WHAT IS REQUIRED:
From start to end, write out the following data exactly, apart from its images.

GIVEN DATA:
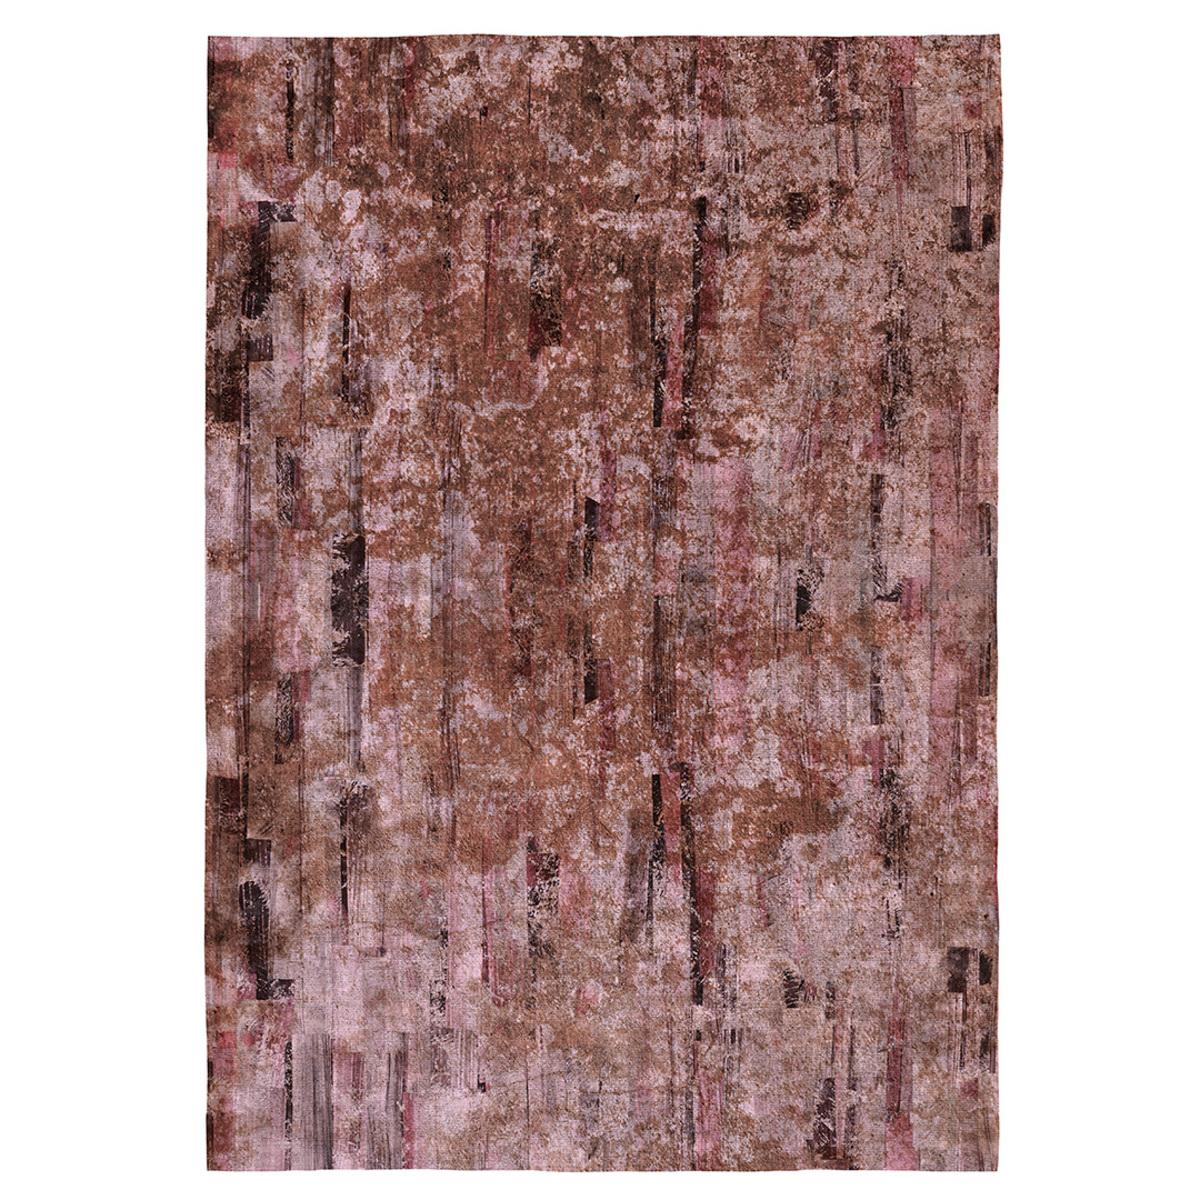 Tapis décoratif modern en coton imprimé marron 120x170 cm
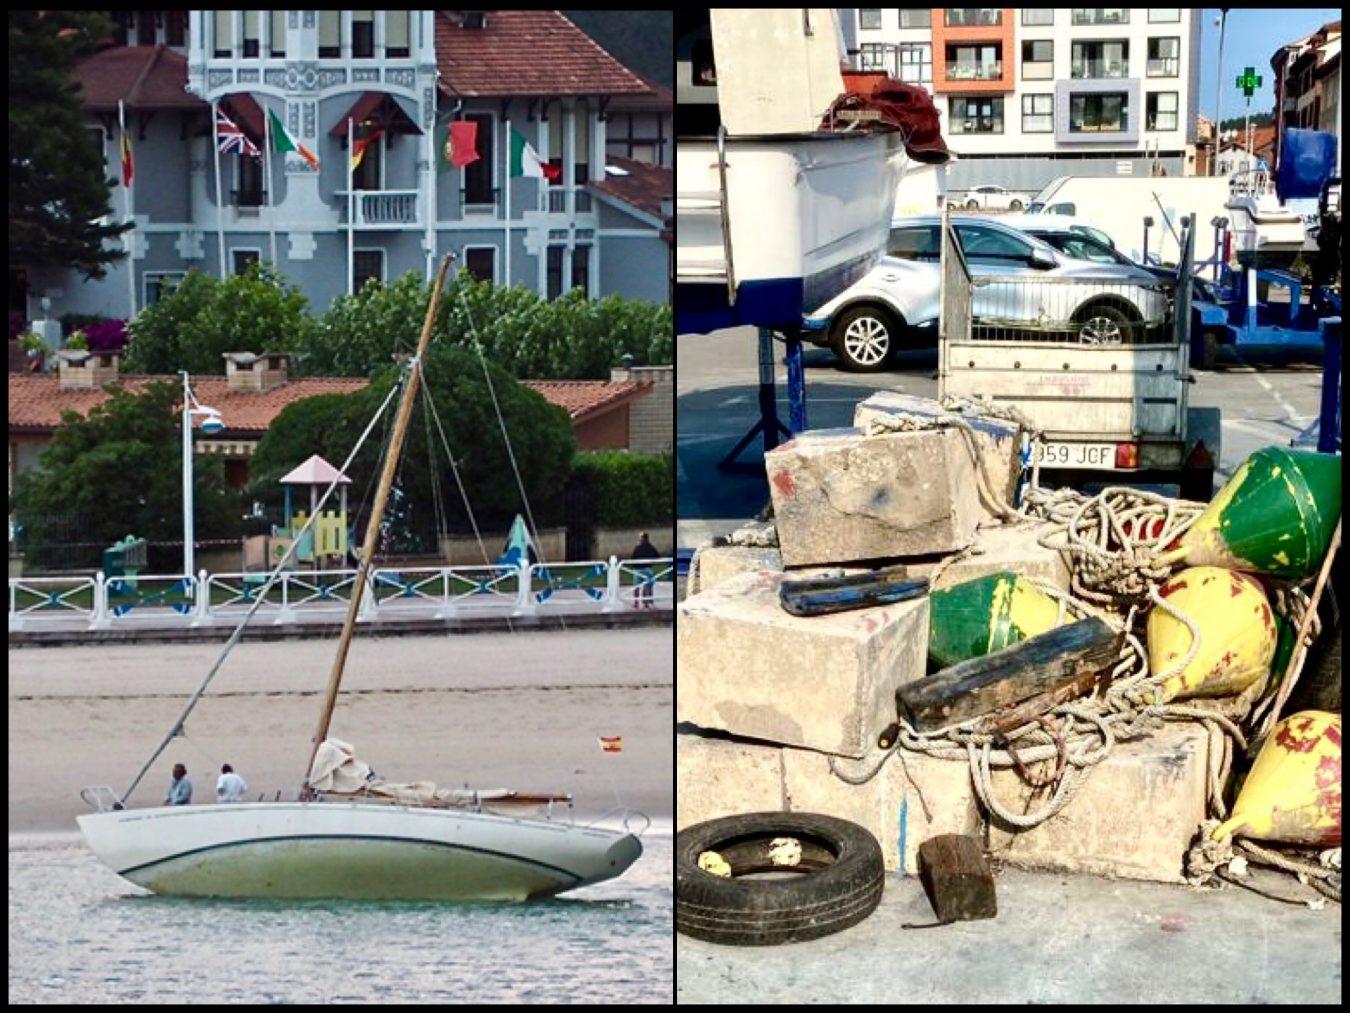 El Club Náutico de Ribadesella reclama la señalización y el dragado del puerto para evitar tanto barco varado
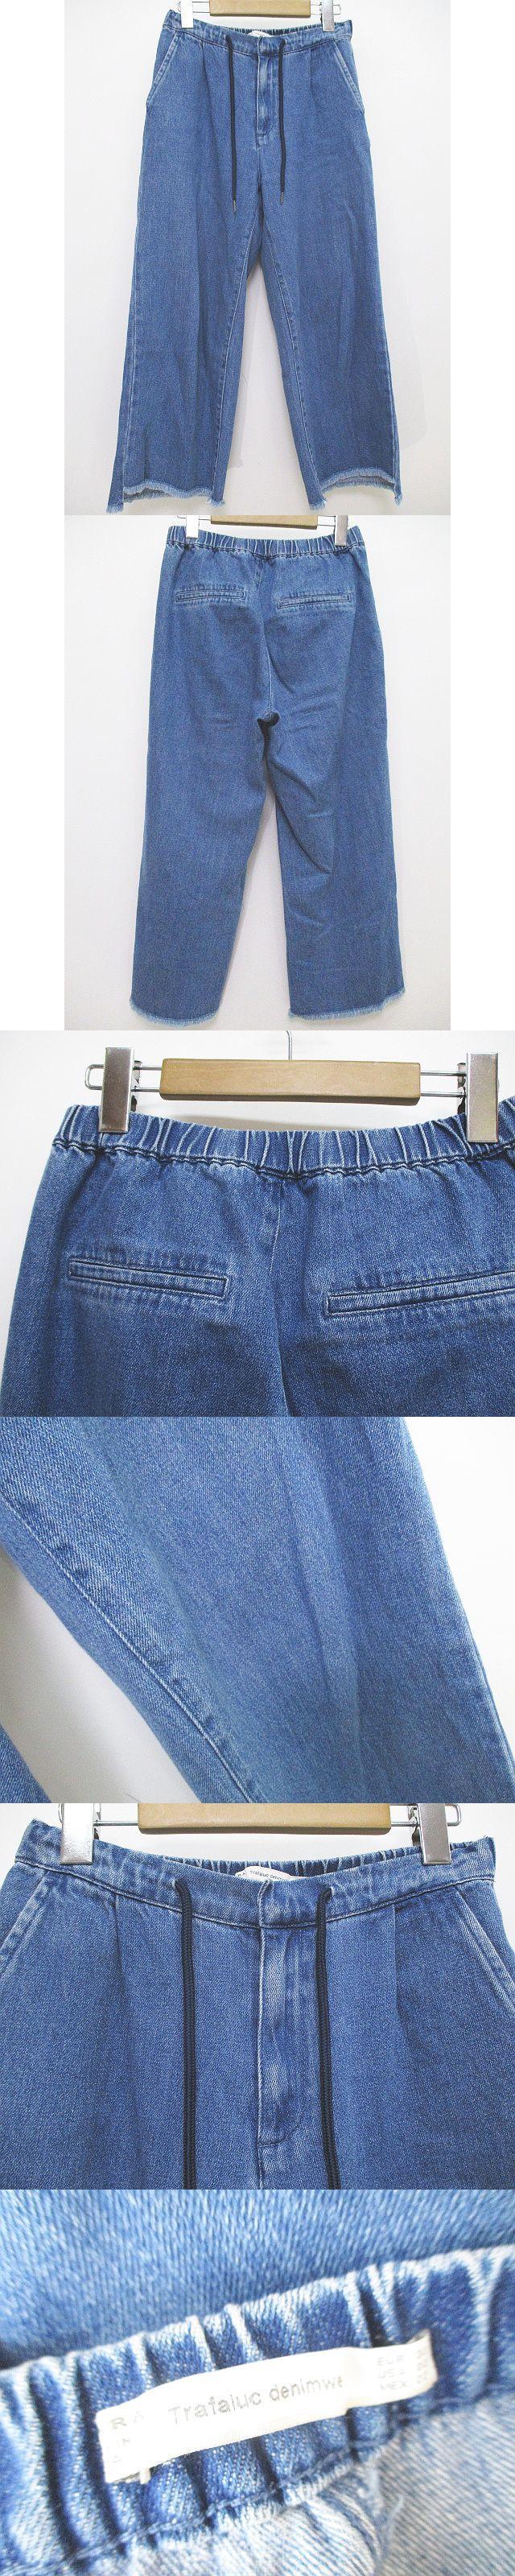 ロング丈 デニム レギンス パンツ 32 青系 ブルー 無地 USED加工 綿 コットン

TASK SOLUTION:
 Tapis décoratif modern en coton imprimé marron 120x170 cm
 El Club Náutico de Ribadesella reclama la señalización y el dragado del puerto para evitar tanto barco varado
 ロング丈 デニム レギンス パンツ 32 青系 ブルー 無地 USED加工 綿 コットン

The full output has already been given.